Work instruction
Could the listing below be returned exactly, with its pictures left out?

Supplied material
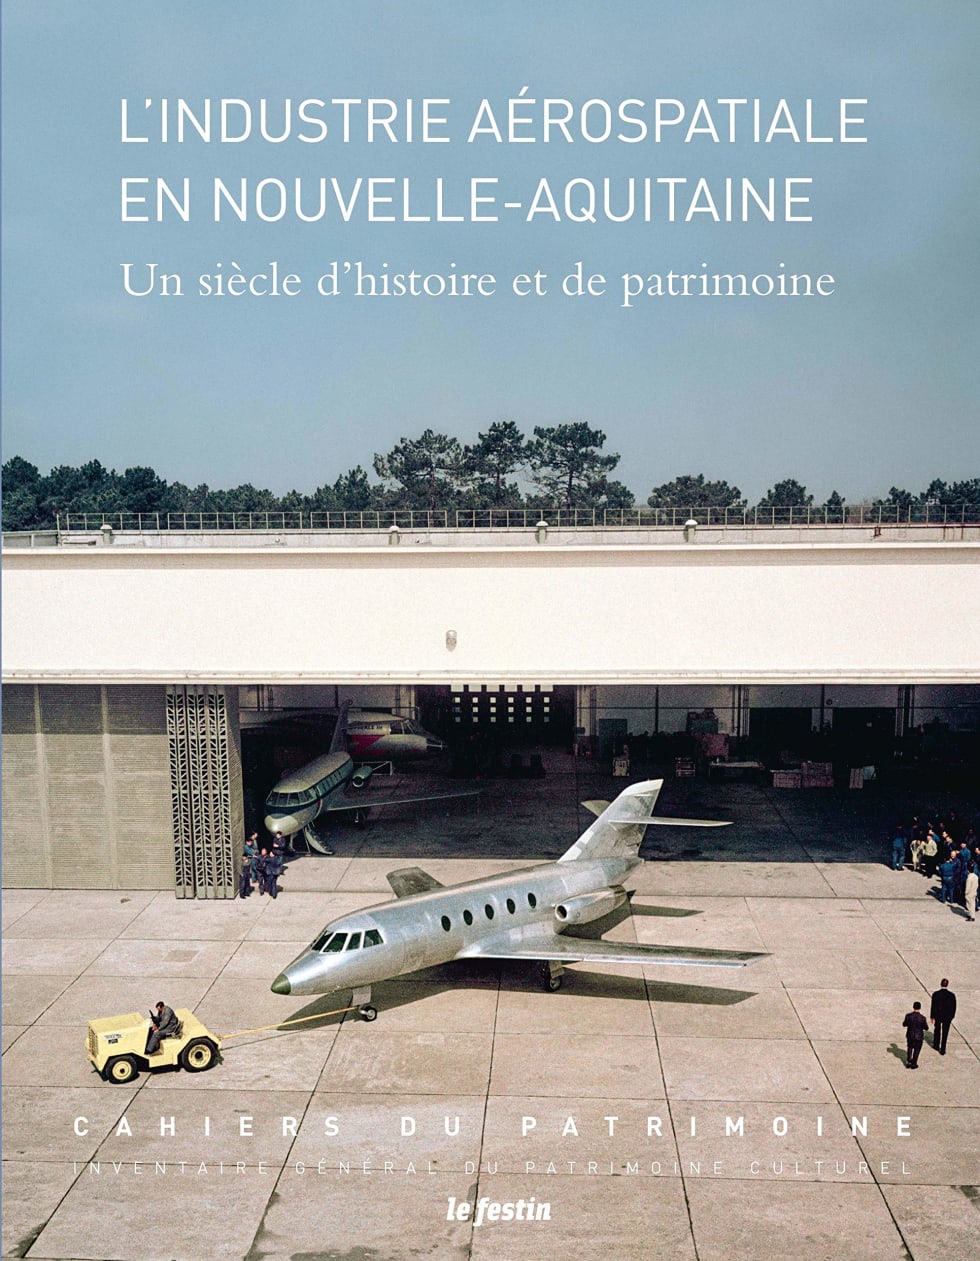 Couverture du livre : « L’Industrie aérospatiale en Nouvelle-Aquitaine, un siècle d’histoire et de patrimoine »
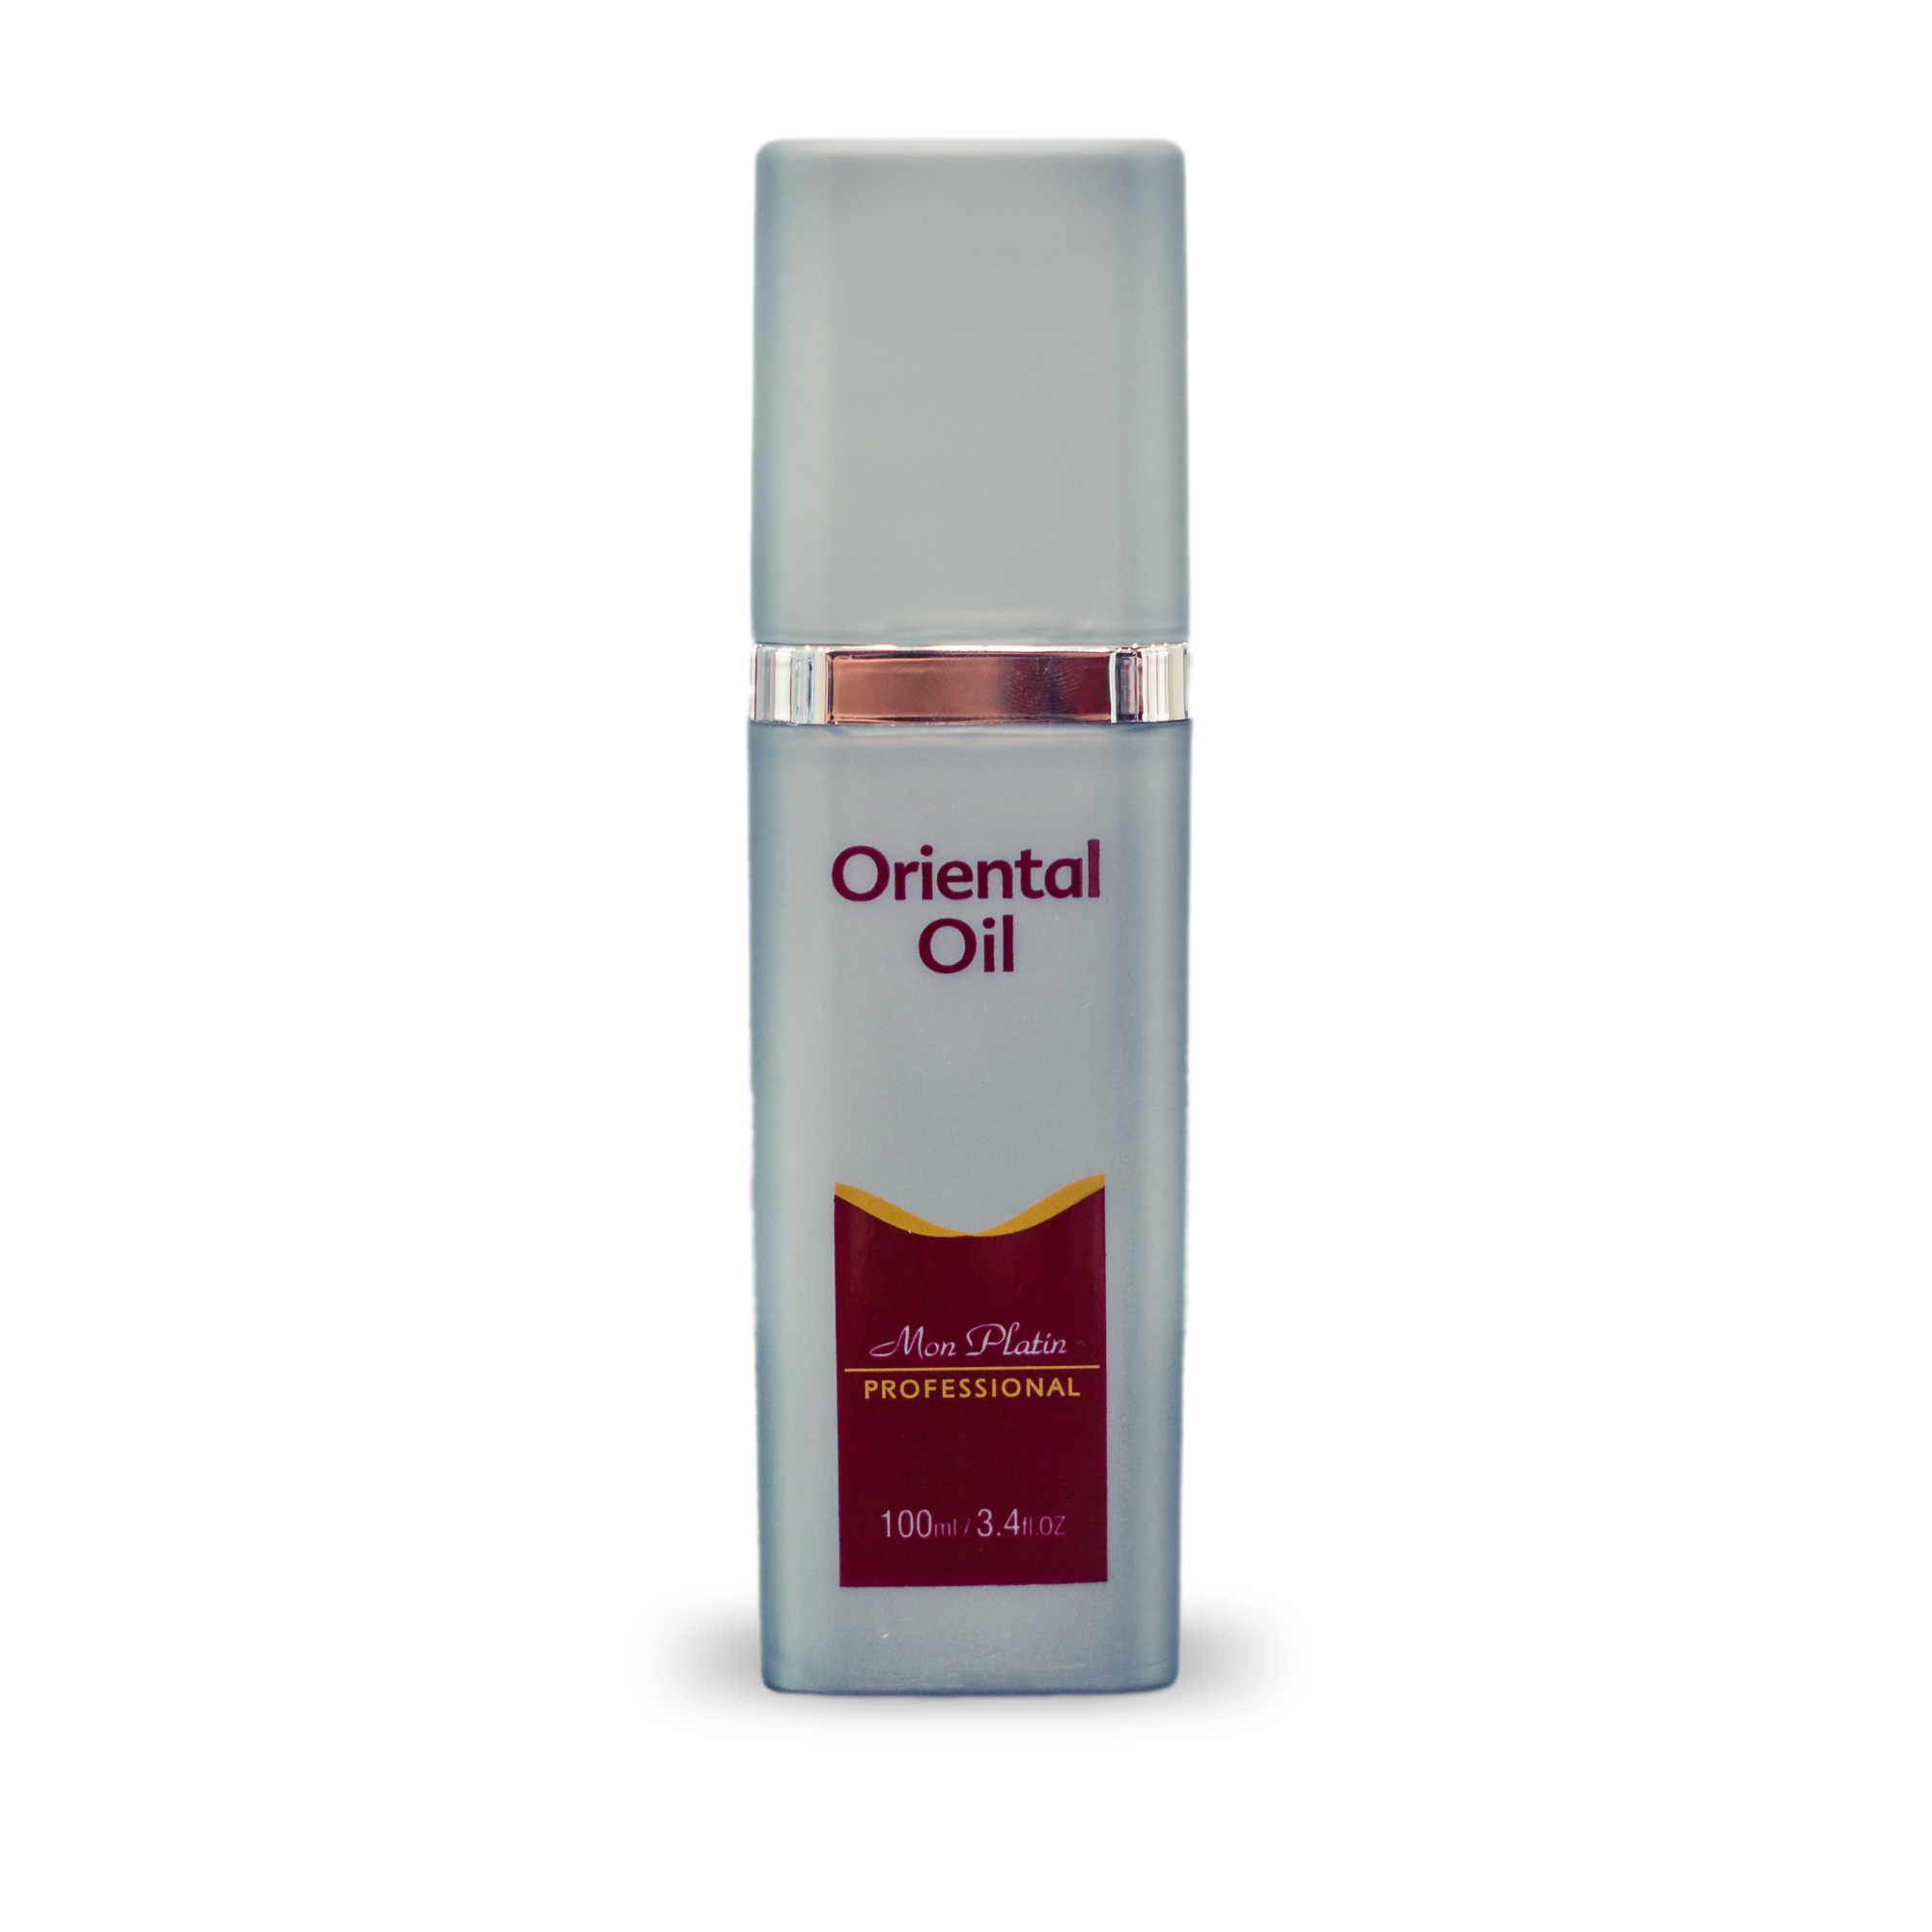 Восточное масло Mon Platin для питания и блеска волос Professional Oriental Oil, 100 мл
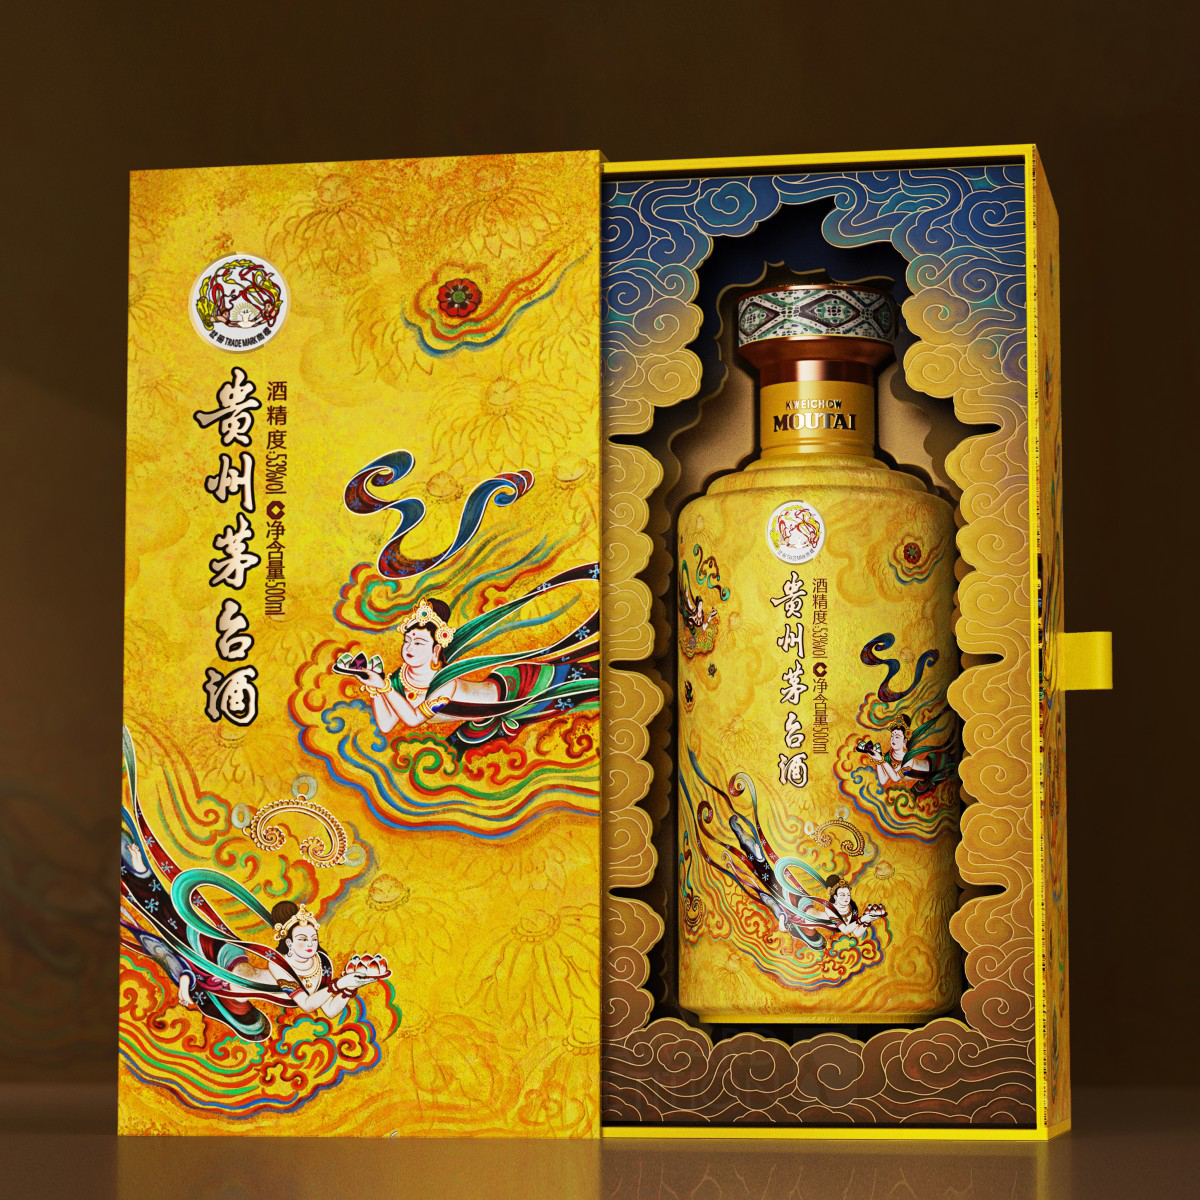 Kweichow Moutai Sanhua Flying Apsaras Baijiu Packaging by Ying Song Brand Design Co., Ltd
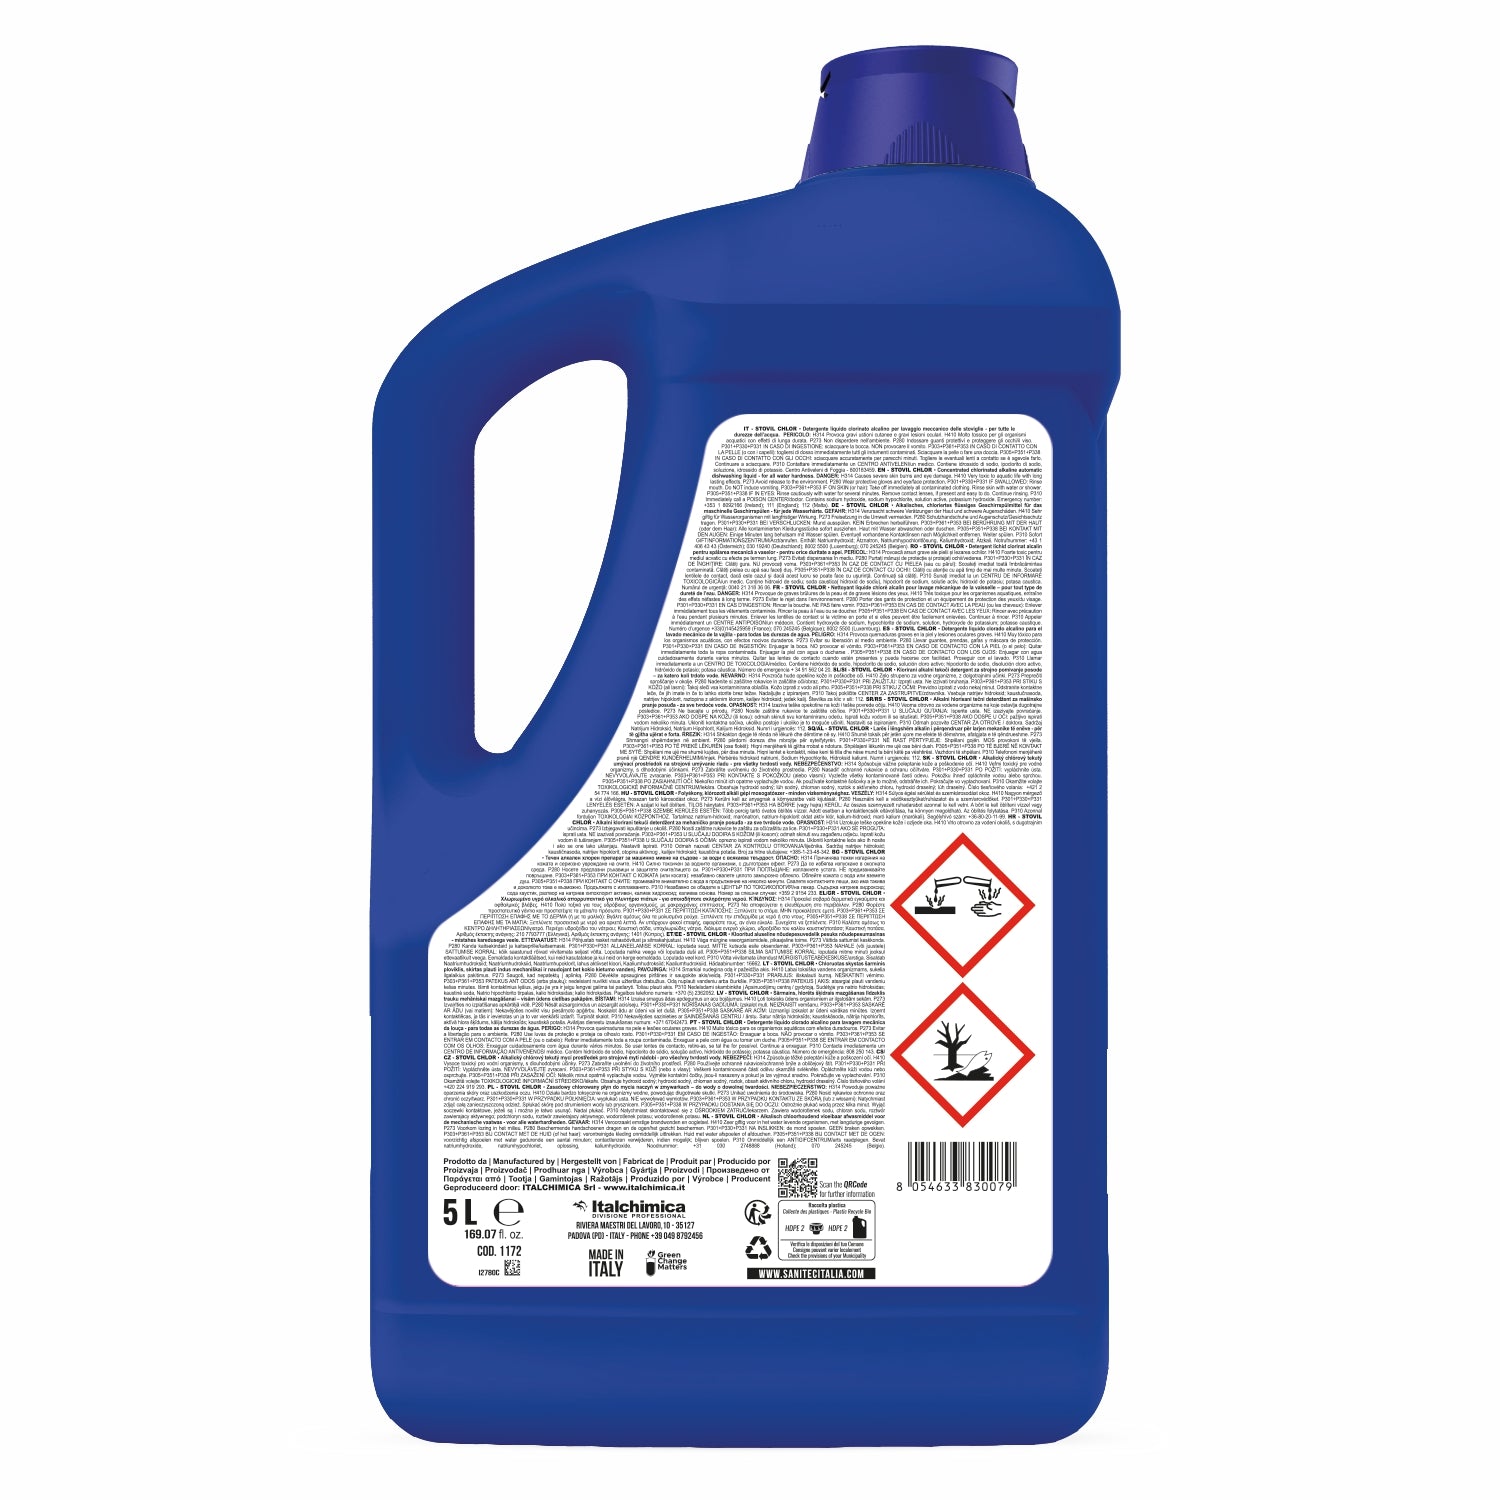 Lavastoviglie detergente Stovil Chlor 5 litri sanitec 1172

Answer
 Couverture du livre : « L’Industrie aérospatiale en Nouvelle-Aquitaine, un siècle d’histoire et de patrimoine »
 Восточное масло Mon Platin для питания и блеска волос Professional Oriental Oil, 100 мл
 Kweichow Moutai Sanhua Flying Apsaras Baijiu Packaging by Ying Song Brand Design Co., Ltd
 Lavastoviglie detergente Stovil Chlor 5 litri sanitec 1172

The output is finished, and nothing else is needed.